An Op/Ed piece in the 8/4/14 edition of the New York Times...


Adventures in ‘Prior Authorization’
By DANIELLE OFRI

Photo
0804OPEDmenchin-master495.jpg


  • “DEAR Doctor,” the letter from the insurance company began. “We are writing to inform you that a prior authorization is required for the medication you prescribed.”

    That’s usually where I stop reading. Thousands of these letters arrive daily in doctors’ offices across the country. They are attempts by insurance companies to prod doctors away from more expensive treatments and toward less expensive alternatives. To use the pricier option, you need to provide a compelling clinical reason.

    In theory, this is a reasonable way to control costs by making it harder to prescribe costlier medications. In practice, it is a wasteful administrative nightmare, a cavalcade of recurring paperwork, lengthy phone calls and bureaucratic battles.

    One study estimated that on average, prior authorization requests consumed about 20 hours a week per medical practice: one hour of the doctor’s time, nearly six hours of clerical time, plus 13 hours of nurses’ time. Other studies have suggested that prior authorizations could cost individual practices tens of thousands of dollars a year.

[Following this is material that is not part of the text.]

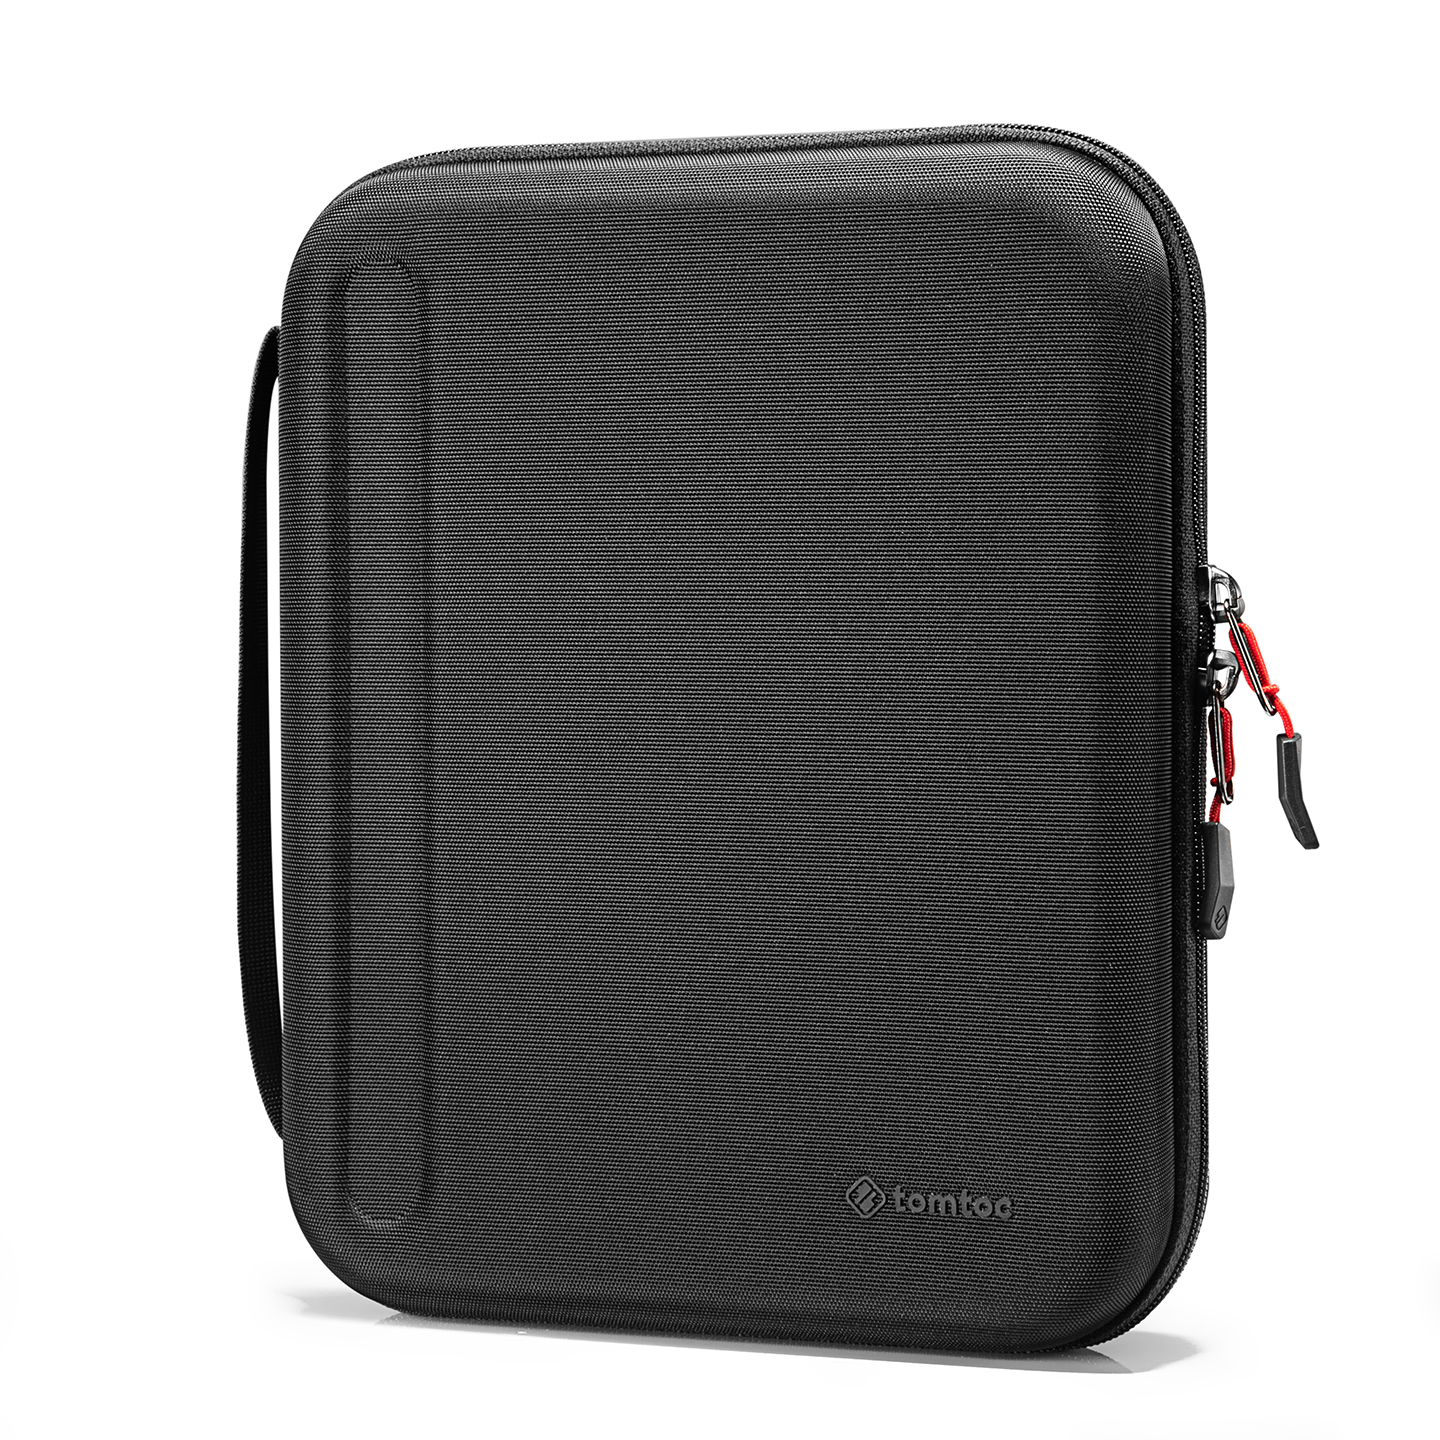 Tomtoc A06-004D01 - B06B1D1 Fancy Case-A06 12.9 Siyah iPad Kılıfı

    The letter in my hand concerned one of my patients, Mr. V., who suffers from stubborn hypertension. His chart is a veritable tome, documenting the years of effort it took to find the combination of four different blood-pressure medications that controls his hypertension without upsetting hisdiabetes, kidney disease and valvular heart disease or making his life miserable from side effects. We’ve been on stable ground for a few years now, a state neither of us takes for granted.

    But Mr. V. had changed insurance companies, and now one of his medications required a prior authorization. The last thing I wanted was for him to be turned away at his pharmacy and have his blood pressure spiral out of control, so I called right away to sort things out.

    Twenty minutes of phone tree later, I discovered that the problem was that I had exceeded a pill limit for one of his medications. Mr. V. needed to take 90 of those pills each month for the high dosage that his blood pressure required. I patiently explained this to the customer-care representative.

    Equally patiently, she told me that 45 pills a month was the maximum allowed for this particular medication.

    Three more phone trees and three more customer-care representatives later, my patience was flagging. Apparently a request for 90 pills was flummoxing the system. Representative No. 4 asked me to list all the blood-pressure medications that Mr. V. had been on in the past, including dates of initiation and relevant lab values, a request of epic proportions in his case.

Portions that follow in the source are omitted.